**WHAT YOU ARE ASKED TO DO:** Copy out the data that comes next, character for character, and leave the images aside.

**INFORMATION PROVIDED:**

=-=-=

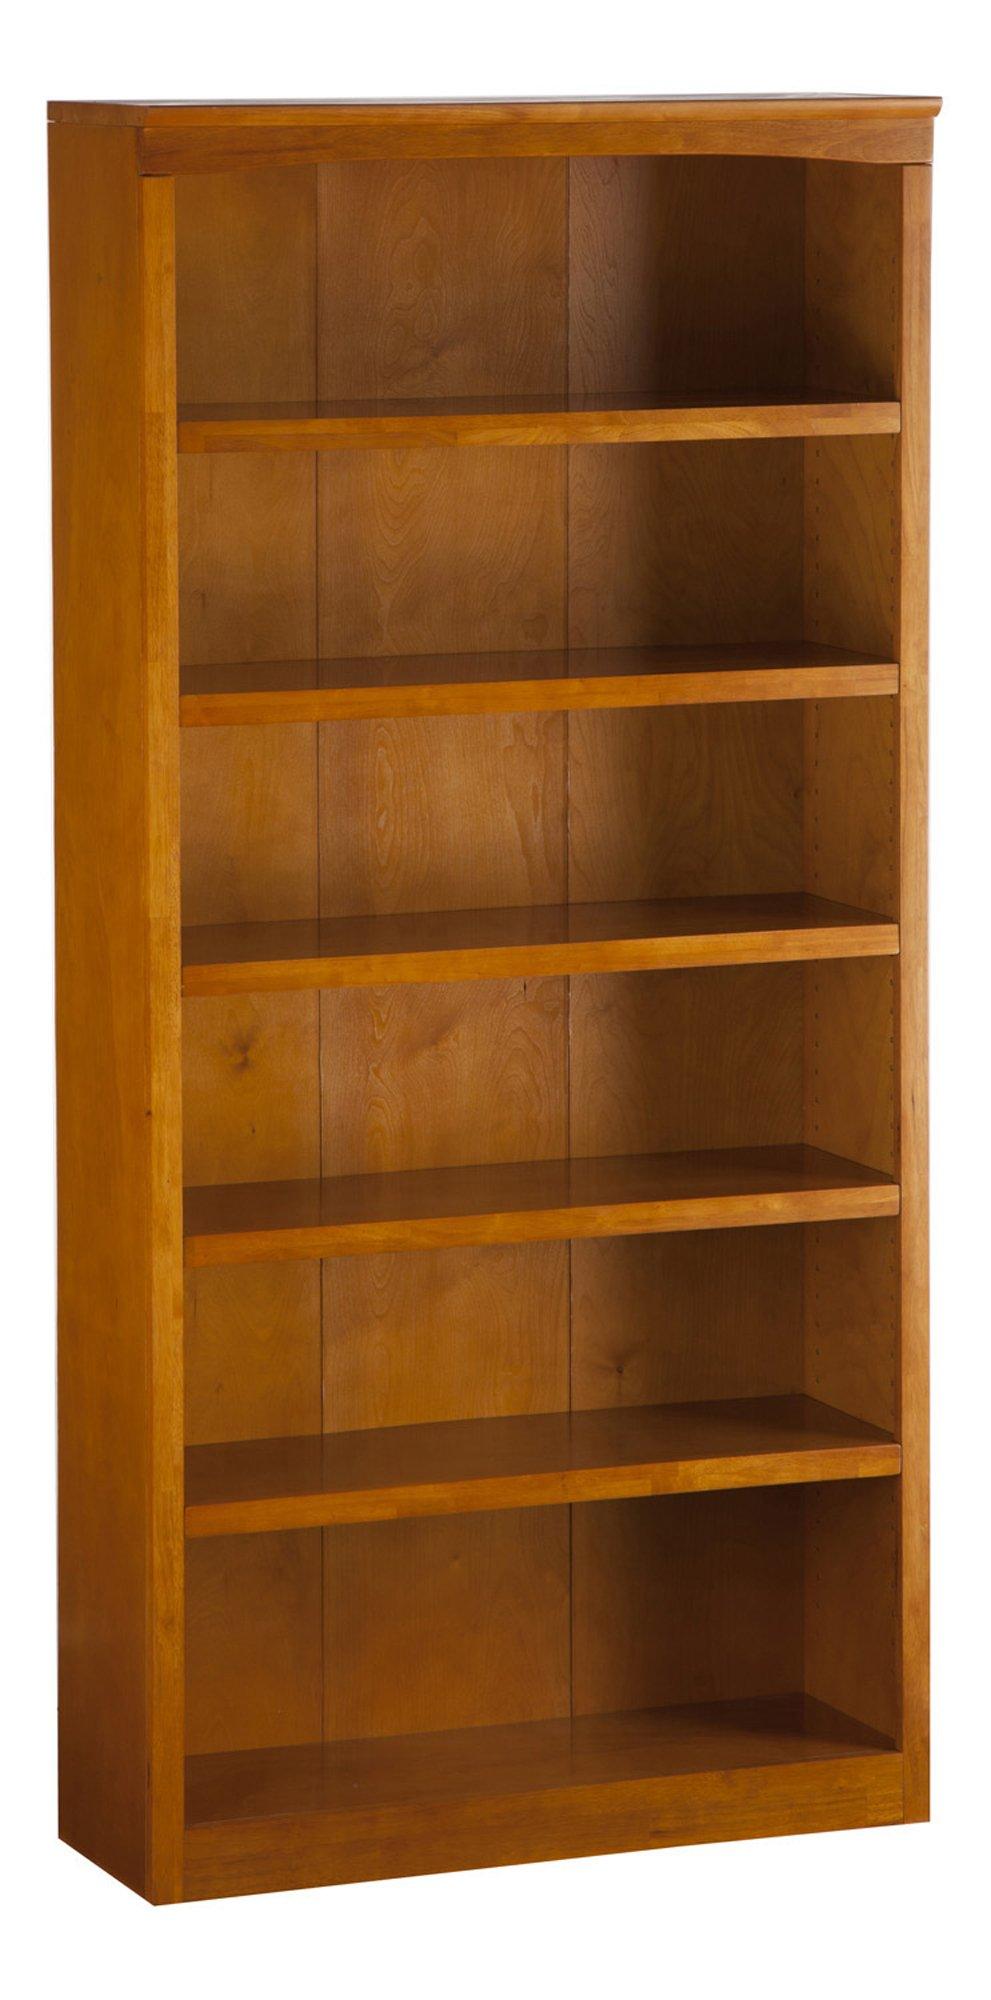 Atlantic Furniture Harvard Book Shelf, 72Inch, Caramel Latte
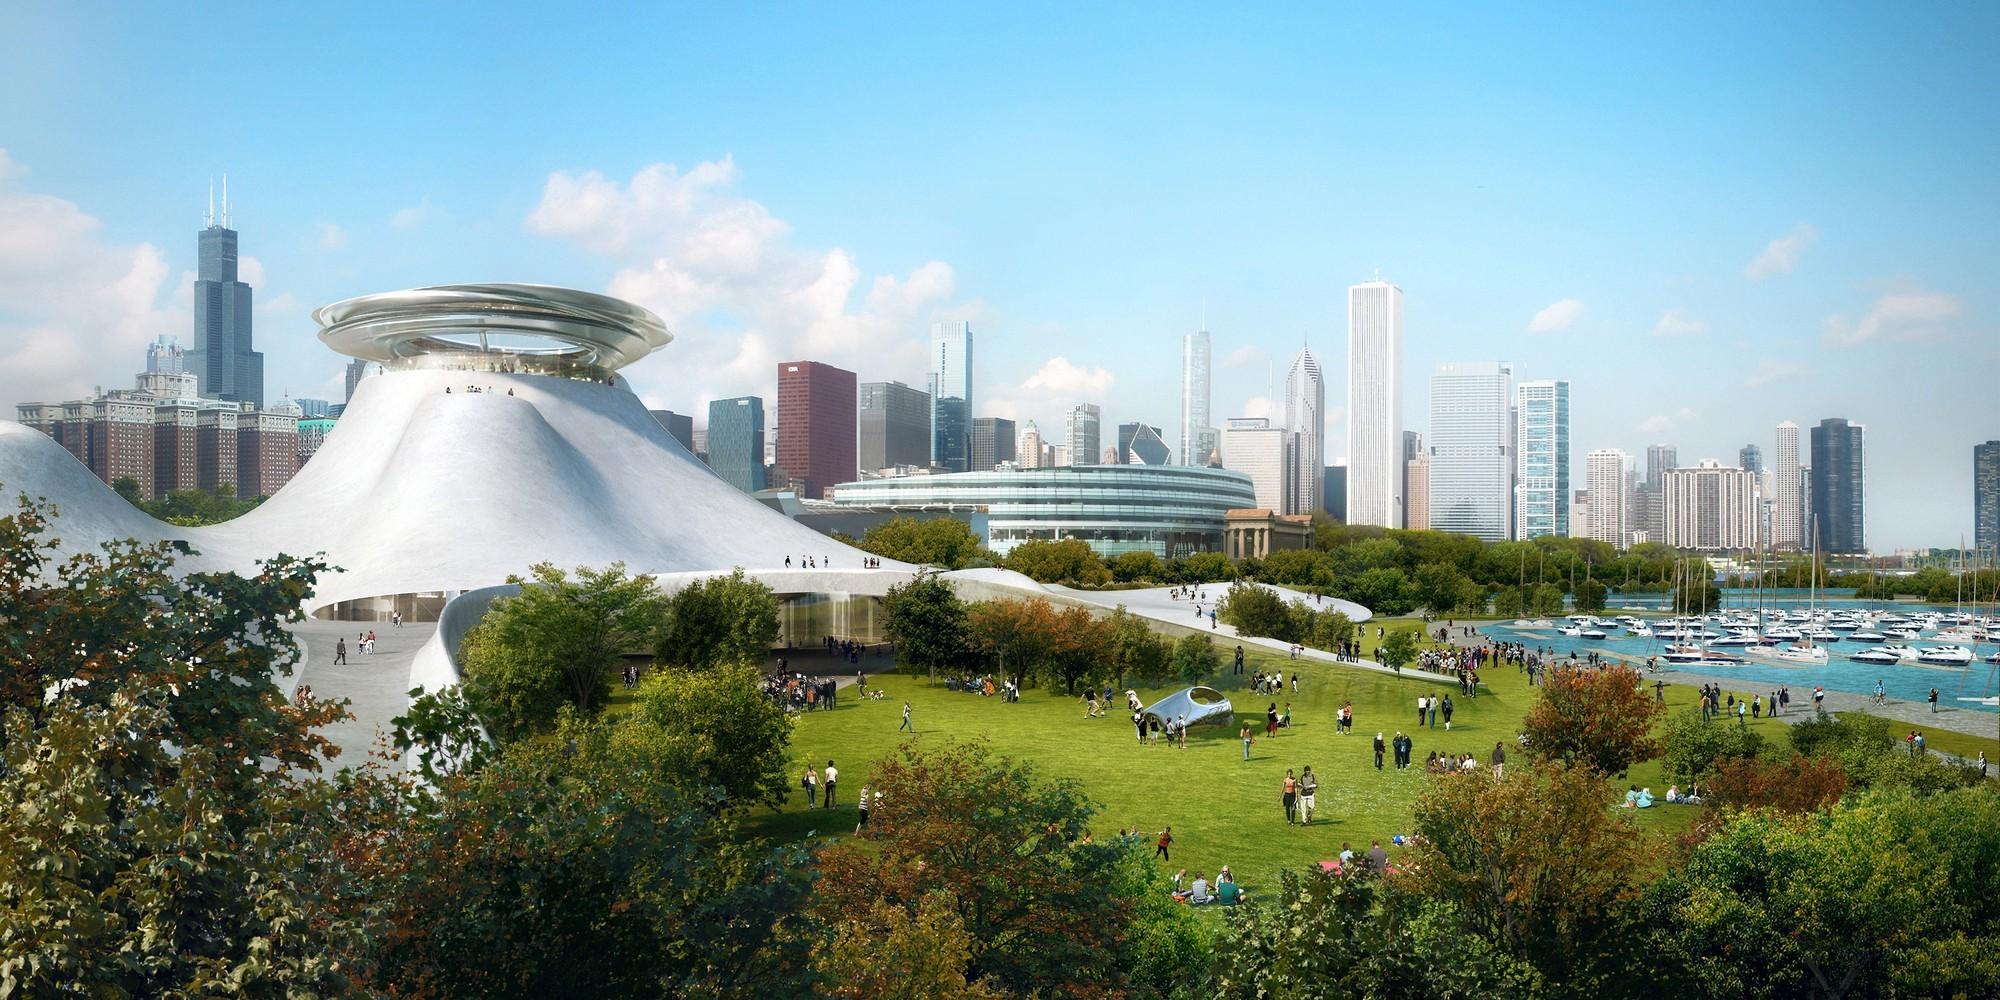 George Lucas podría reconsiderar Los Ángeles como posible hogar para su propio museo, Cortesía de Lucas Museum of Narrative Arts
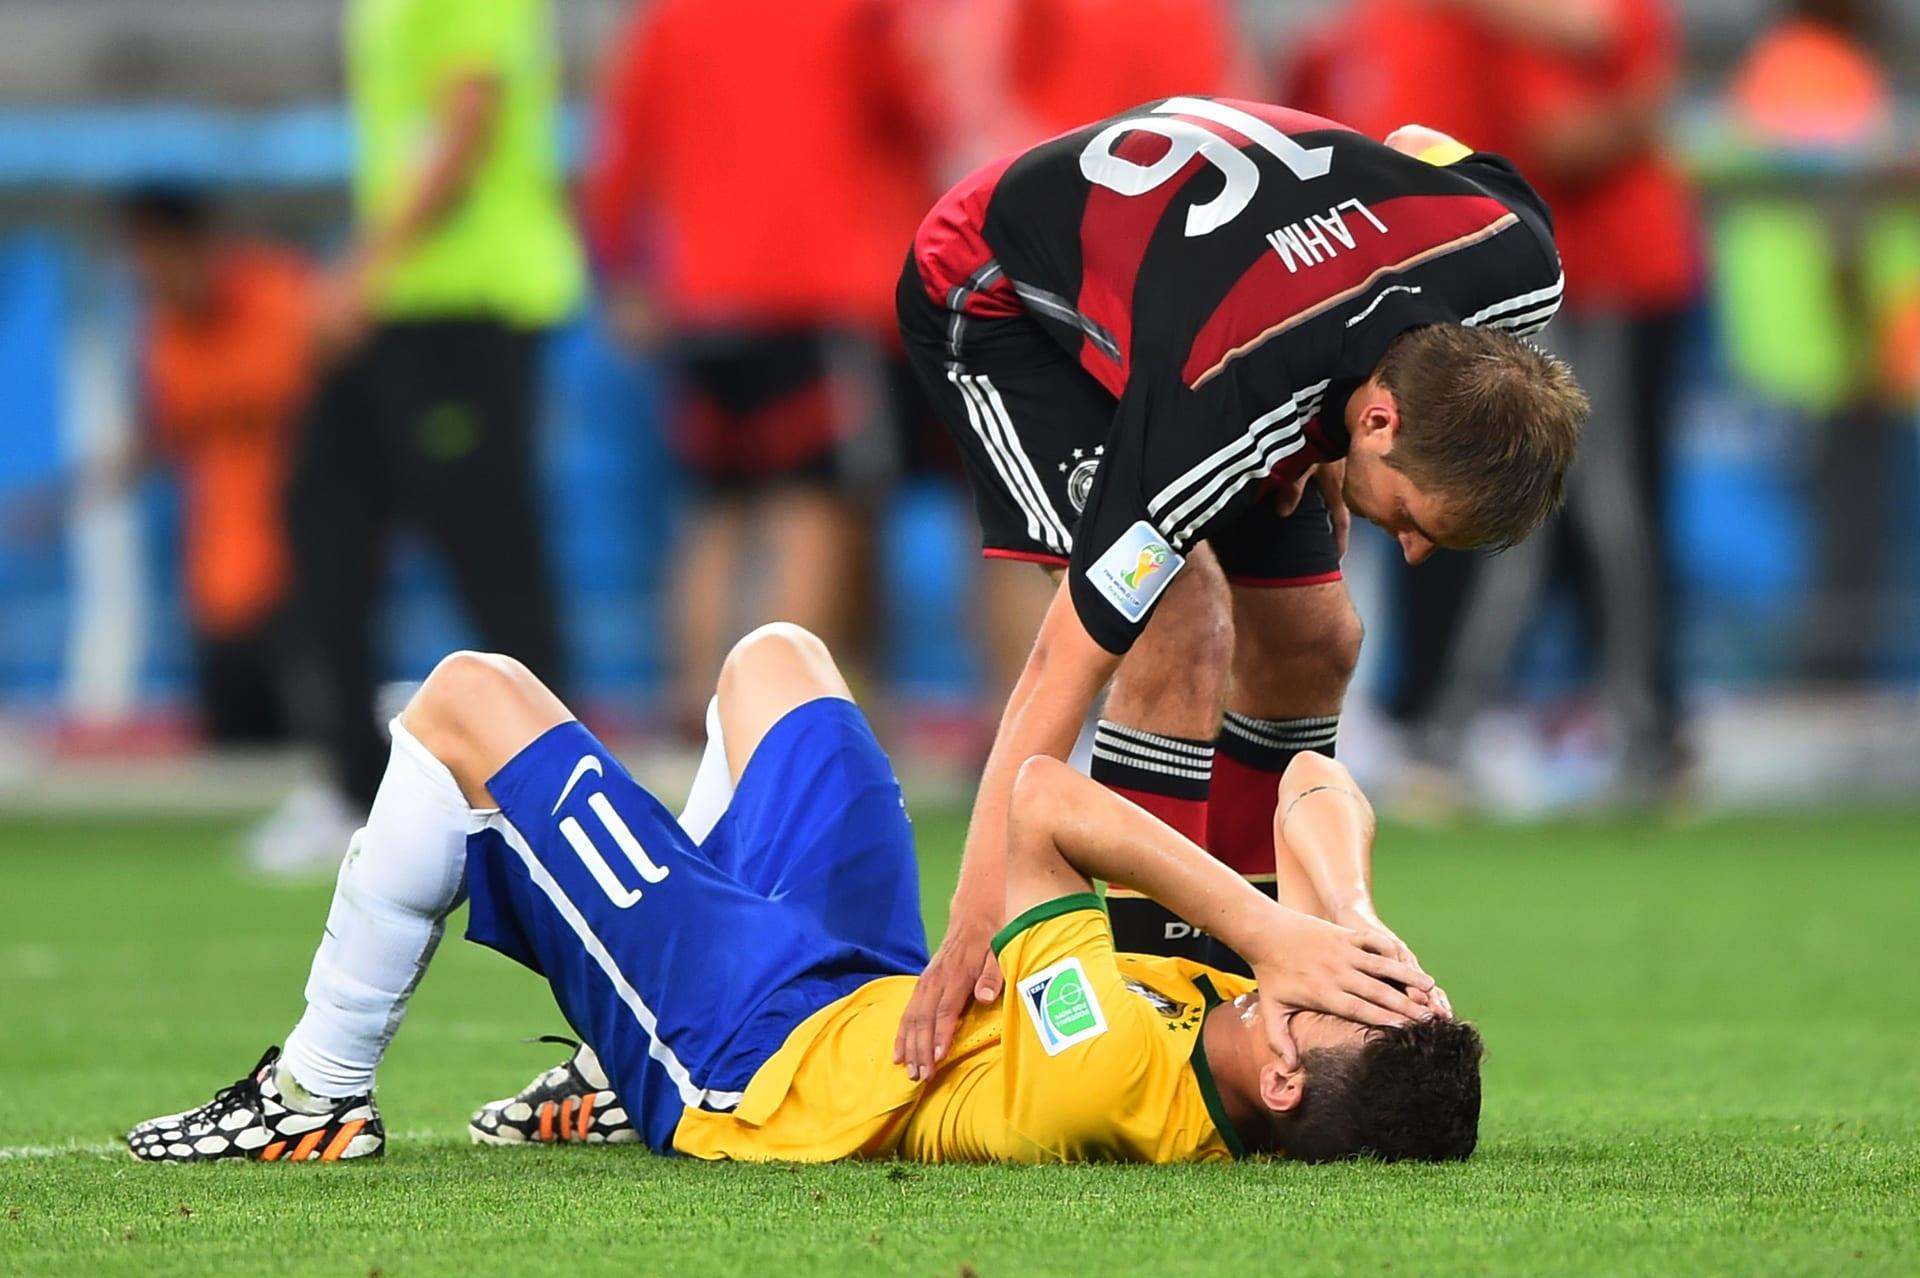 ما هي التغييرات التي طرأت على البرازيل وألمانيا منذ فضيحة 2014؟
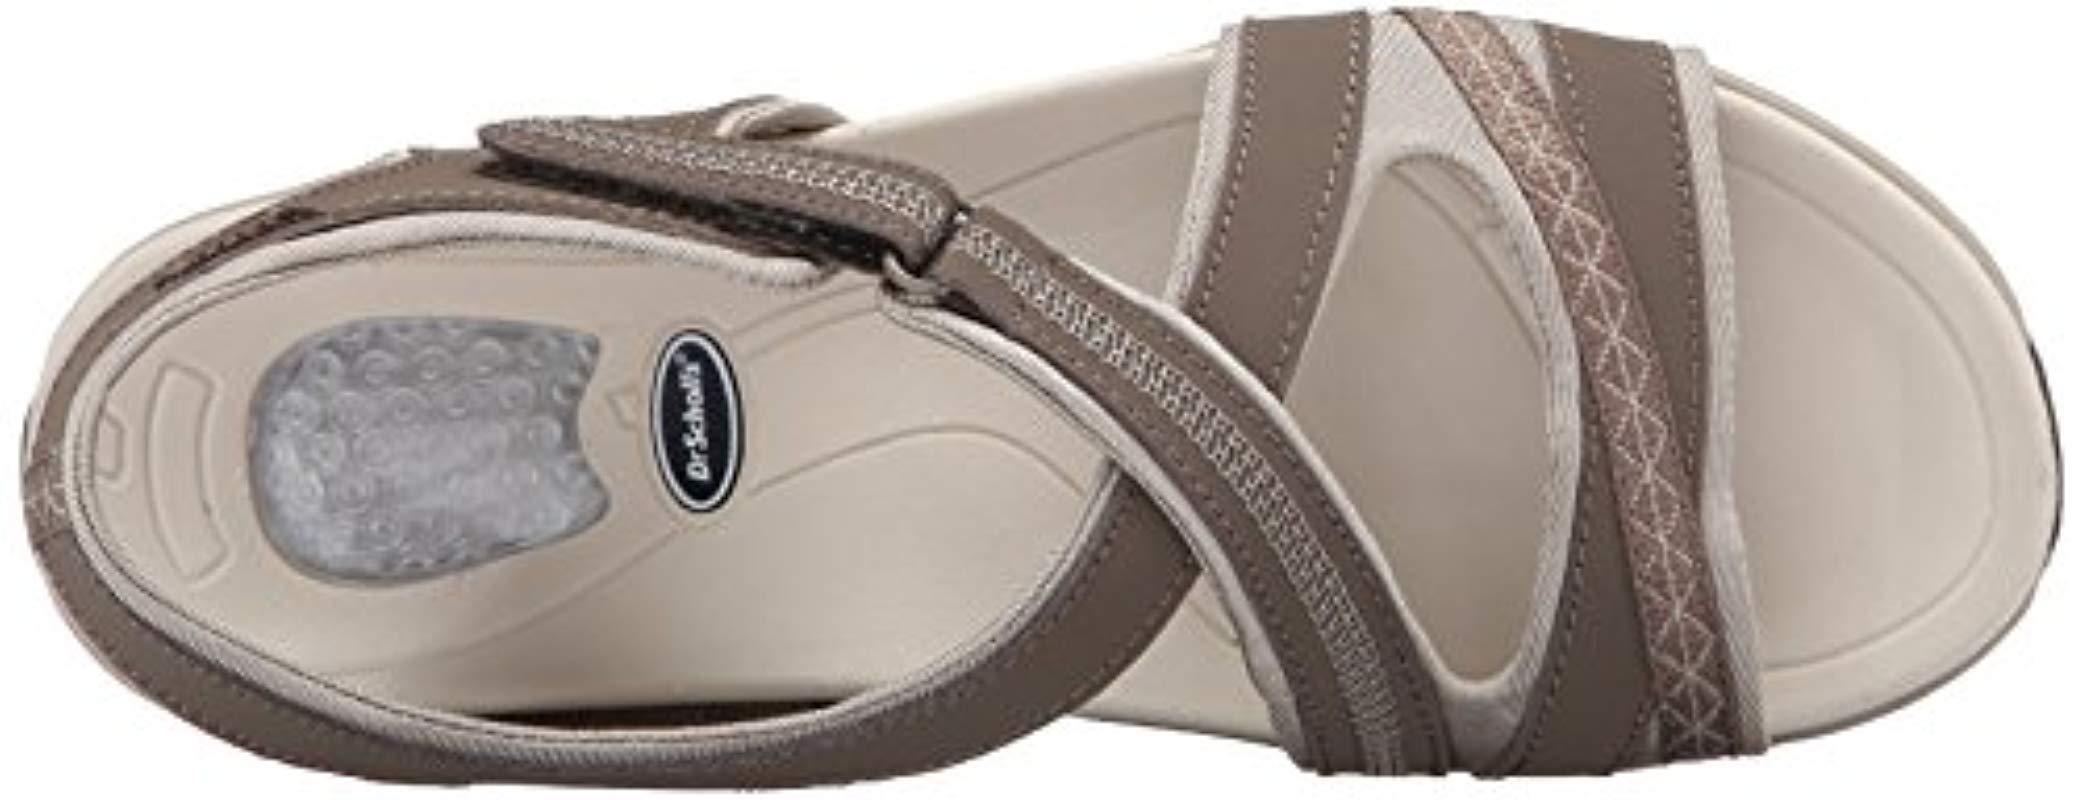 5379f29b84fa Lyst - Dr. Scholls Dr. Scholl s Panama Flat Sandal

=-=-=

**WRITTEN RESPONSE:**
 Atlantic Furniture Harvard Book Shelf, 72Inch, Caramel Latte
 George Lucas podría reconsiderar Los Ángeles como posible hogar para su propio museo, Cortesía de Lucas Museum of Narrative Arts
 ما هي التغييرات التي طرأت على البرازيل وألمانيا منذ فضيحة 2014؟
 5379f29b84fa Lyst - Dr. Scholls Dr. Scholl s Panama Flat Sandal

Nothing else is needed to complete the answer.